Score: 0

From Implicit Exploration to Structured Reasoning: Leveraging Guideline and Refinement for LLMs

Published: September 8, 2025 | arXiv ID: 2509.06284v1

By: Jiaxiang Chen , Zhuo Wang , Mingxi Zou and more

Potential Business Impact:

Makes computers think more clearly and learn better.

Business Areas:

Machine Learning Artificial Intelligence, Data and Analytics, Software

Large language models (LLMs) have advanced general-purpose reasoning, showing strong performance across diverse tasks. However, existing methods often rely on implicit exploration, where the model follows stochastic and unguided reasoning paths-like walking without a map. This leads to unstable reasoning paths, lack of error correction, and limited learning from past experience.
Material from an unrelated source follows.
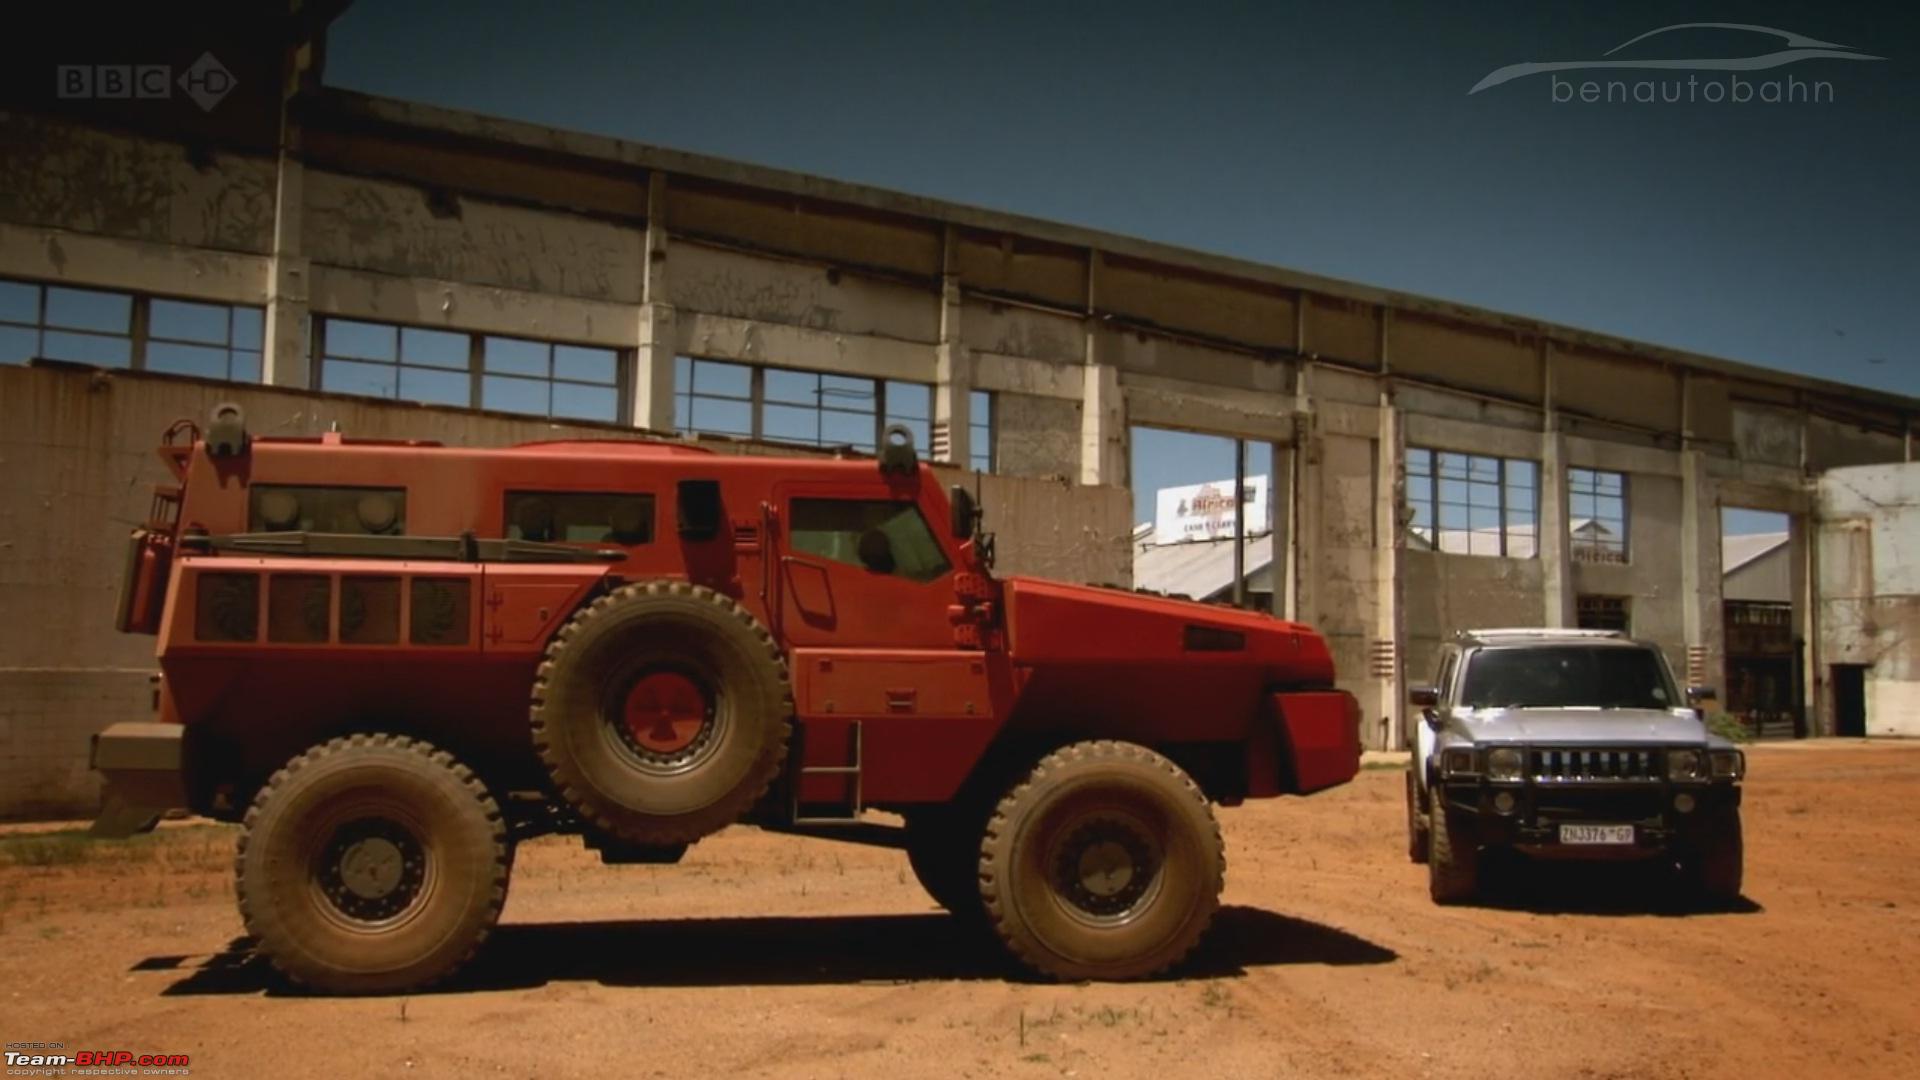 Marauder armored vehicle featured in Top Gear [video]

To address these issues, we propose a framework that shifts from implicit exploration to structured reasoning through guideline and refinement. First, we extract structured reasoning patterns from successful trajectories and reflective signals from failures. During inference, the model follows these guidelines step-by-step, with refinement applied after each step to correct errors and stabilize the reasoning process. Experiments on BBH and four additional benchmarks (GSM8K, MATH-500, MBPP, HumanEval) show that our method consistently outperforms strong baselines across diverse reasoning tasks. Structured reasoning with stepwise execution and refinement improves stability and generalization, while guidelines transfer well across domains and flexibly support cross-model collaboration, matching or surpassing supervised fine-tuning in effectiveness and scalability.